- _TASK_
From the listing below, output the lines between the one with "T-Shirt Fam0340 Bright White" and the one with "Standing Floor Mirror", including those two, and nothing else. Pictures are not copied.

- _INPUT_
= = = = = = =
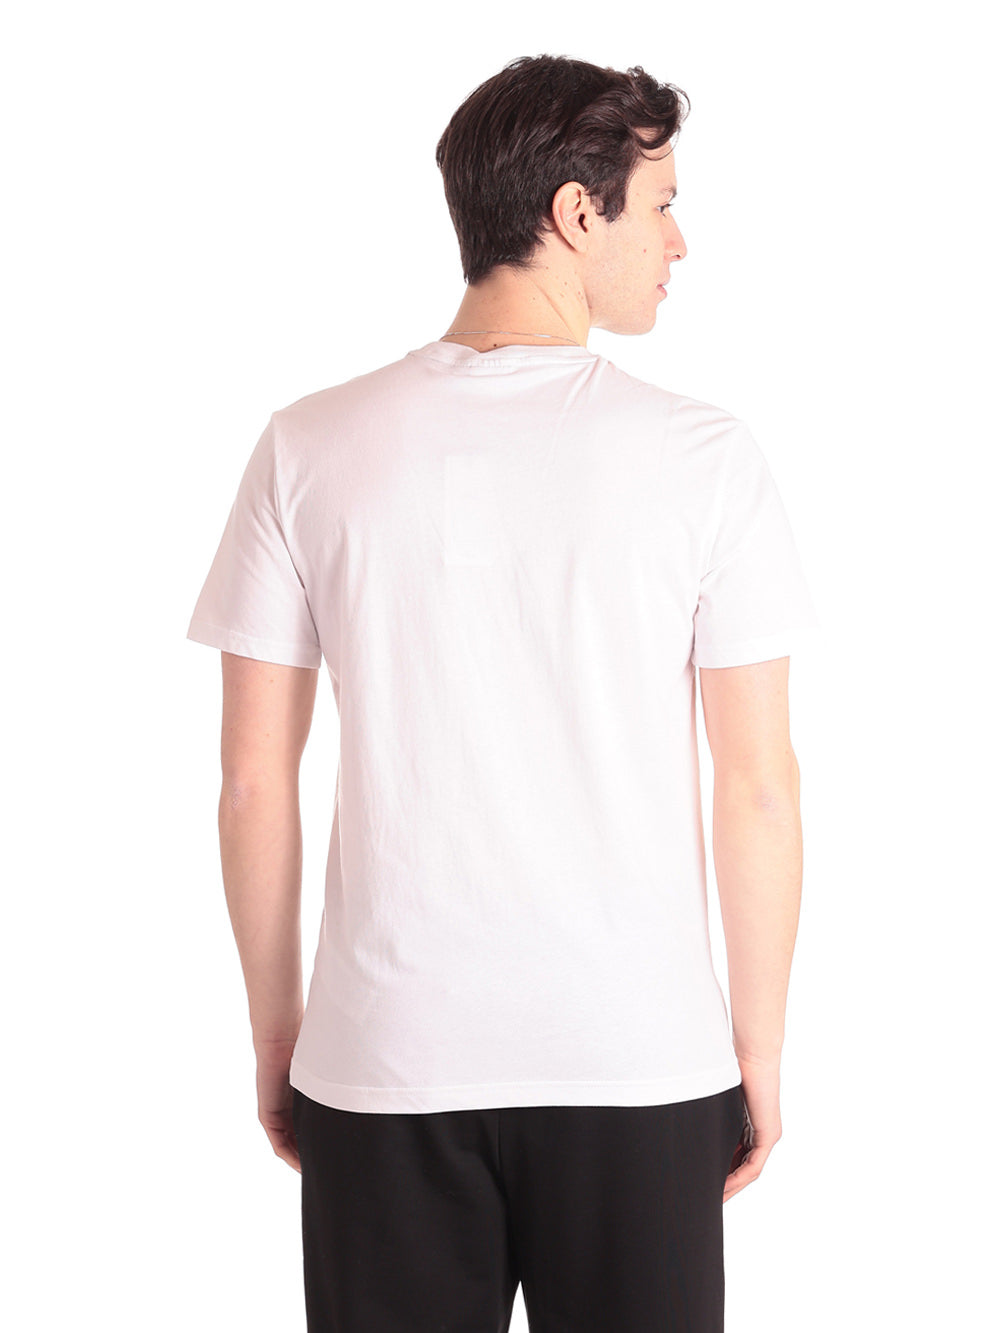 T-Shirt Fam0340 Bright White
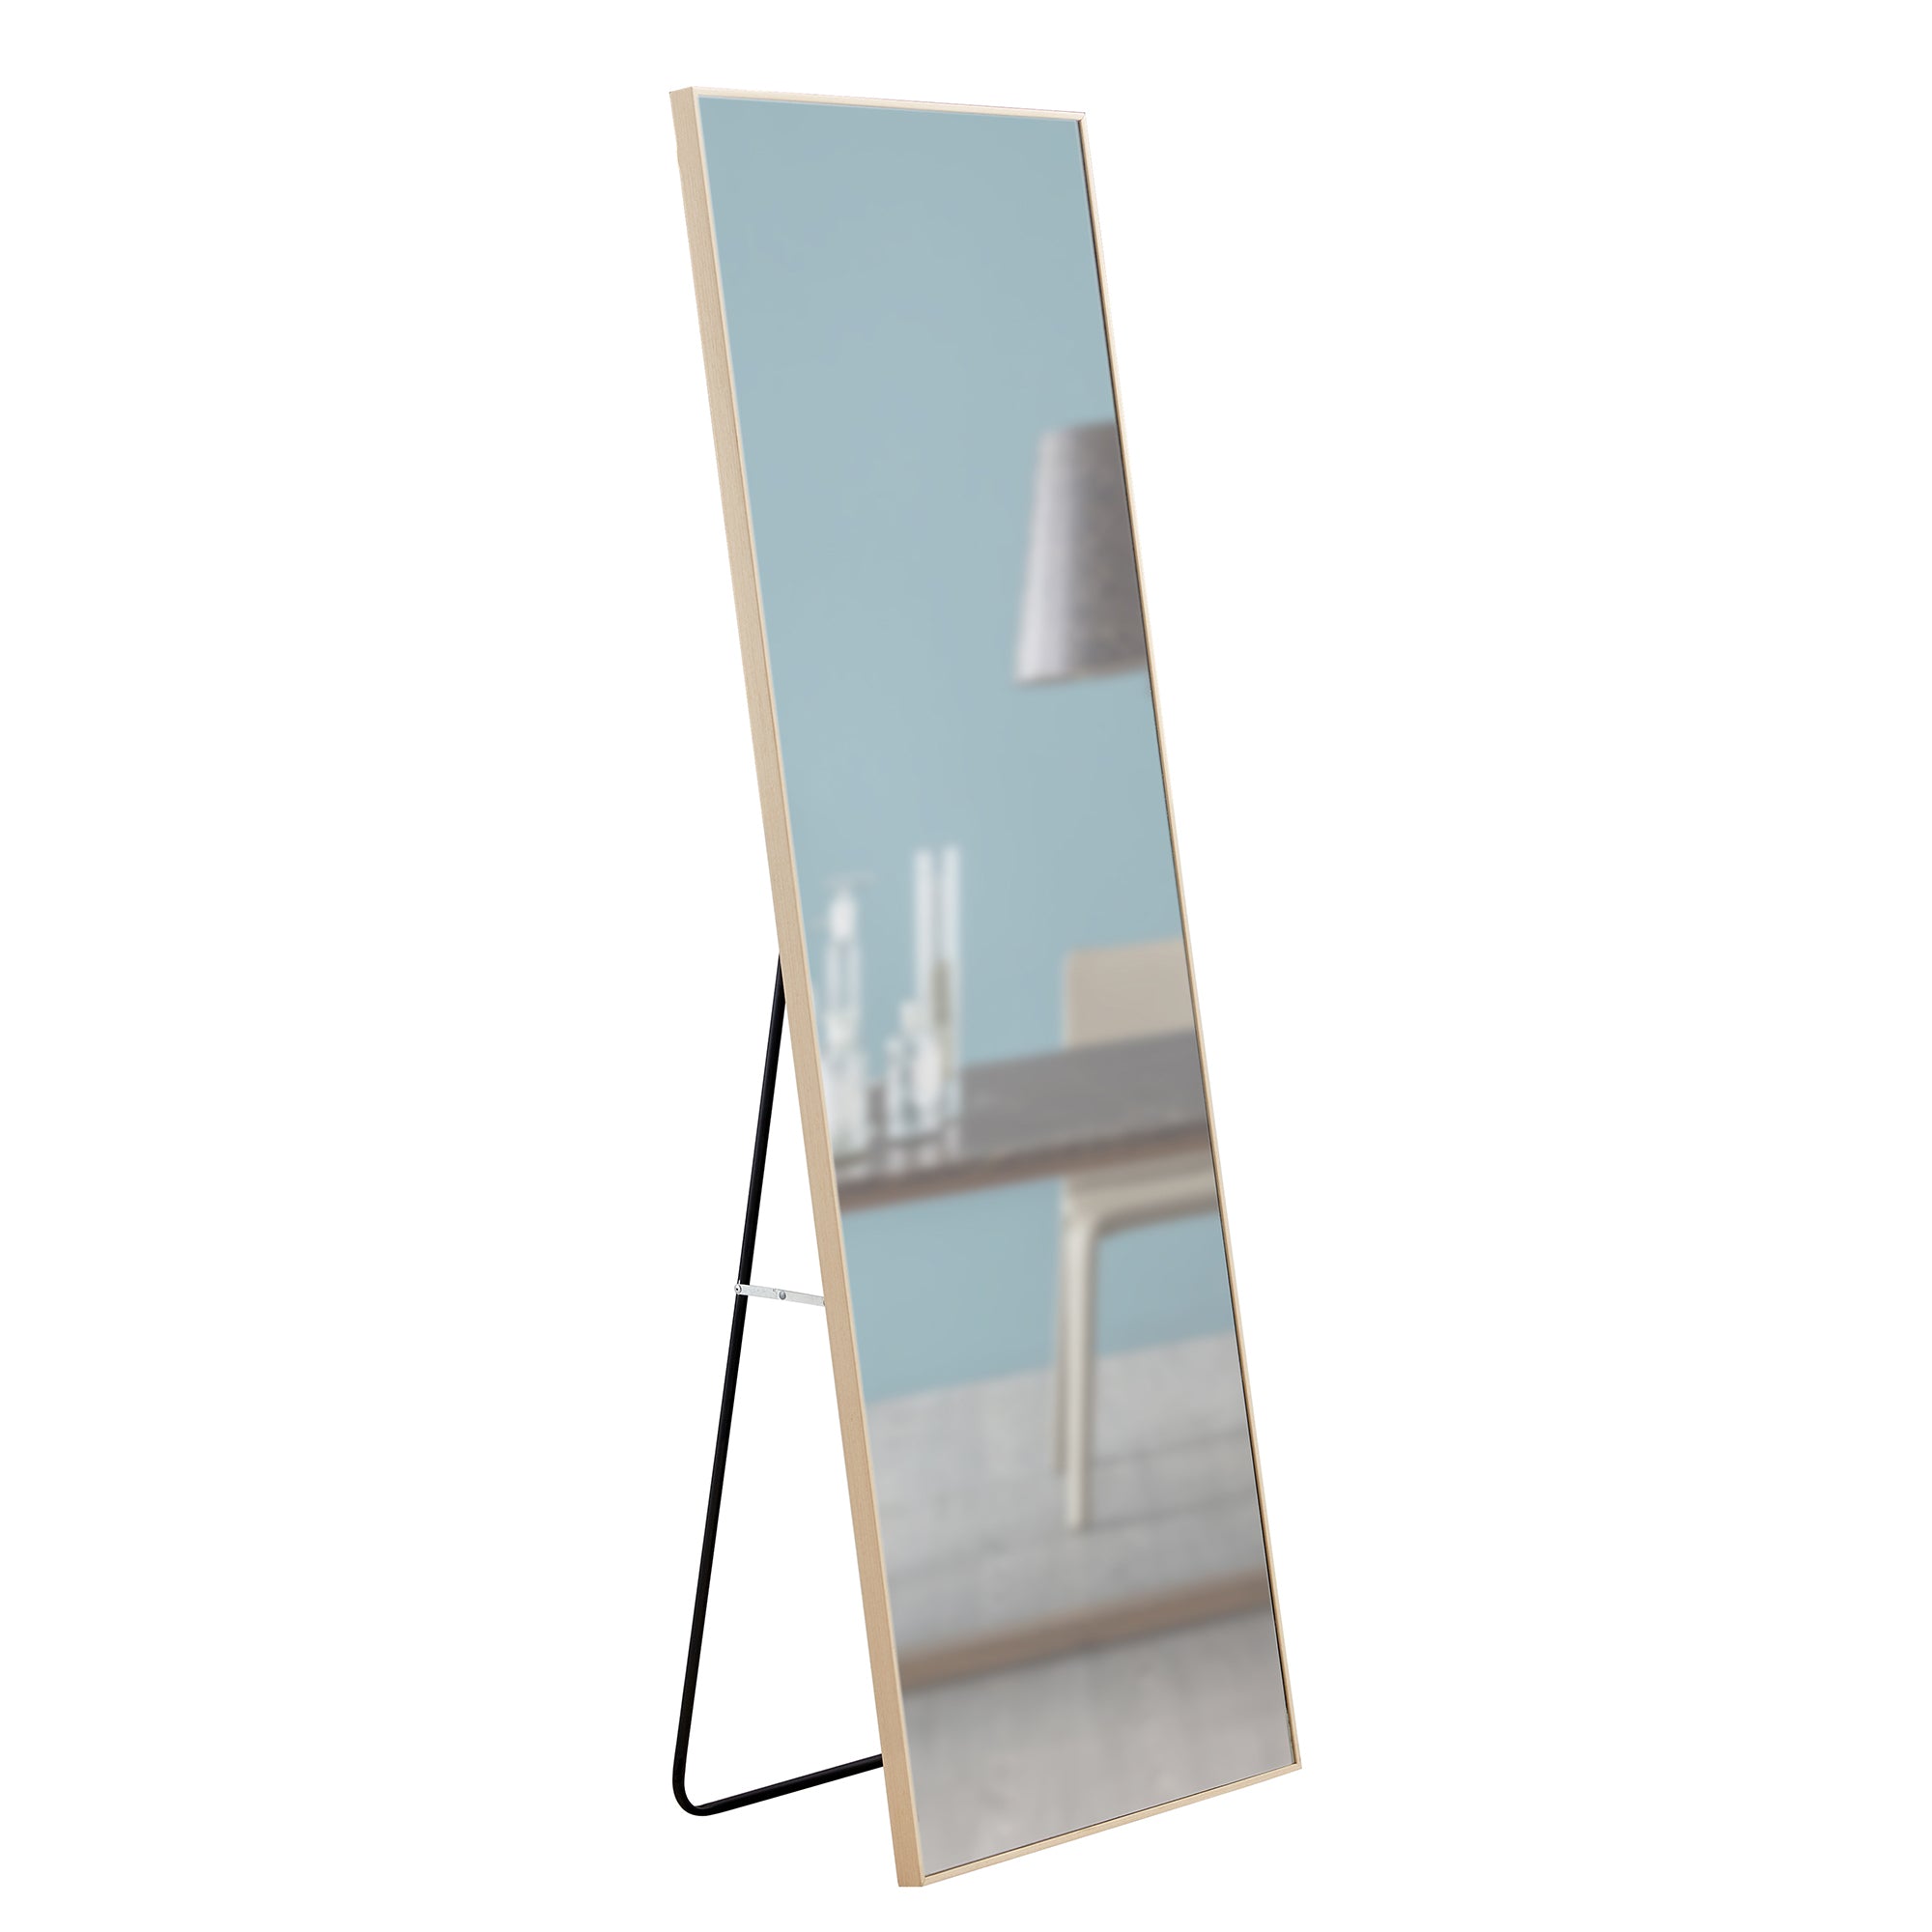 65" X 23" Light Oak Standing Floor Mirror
= = = = = = =
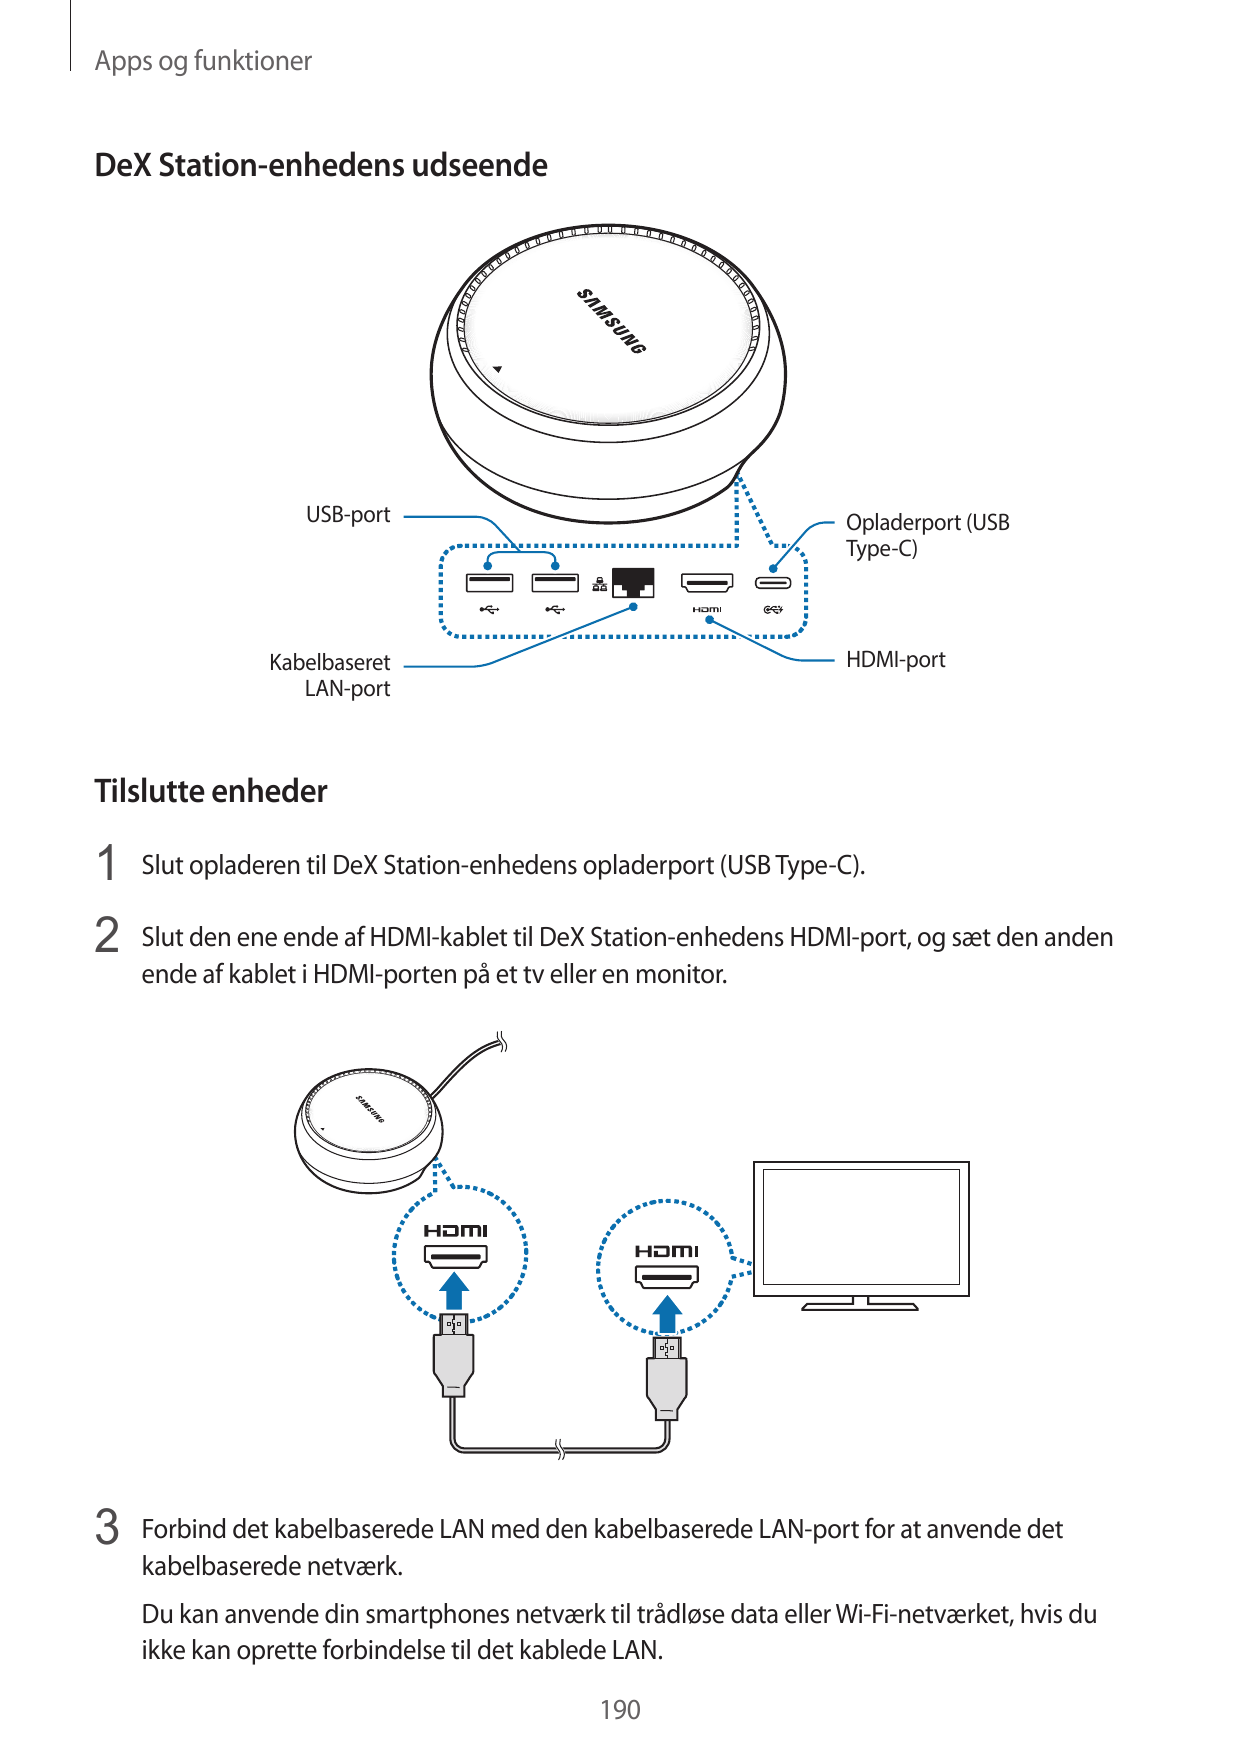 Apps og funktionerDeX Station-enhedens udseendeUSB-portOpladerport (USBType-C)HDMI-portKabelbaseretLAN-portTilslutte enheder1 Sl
= = = = = = =
- _ANSWER BELOW_
 T-Shirt Fam0340 Bright White
 65" X 23" Light Oak Standing Floor Mirror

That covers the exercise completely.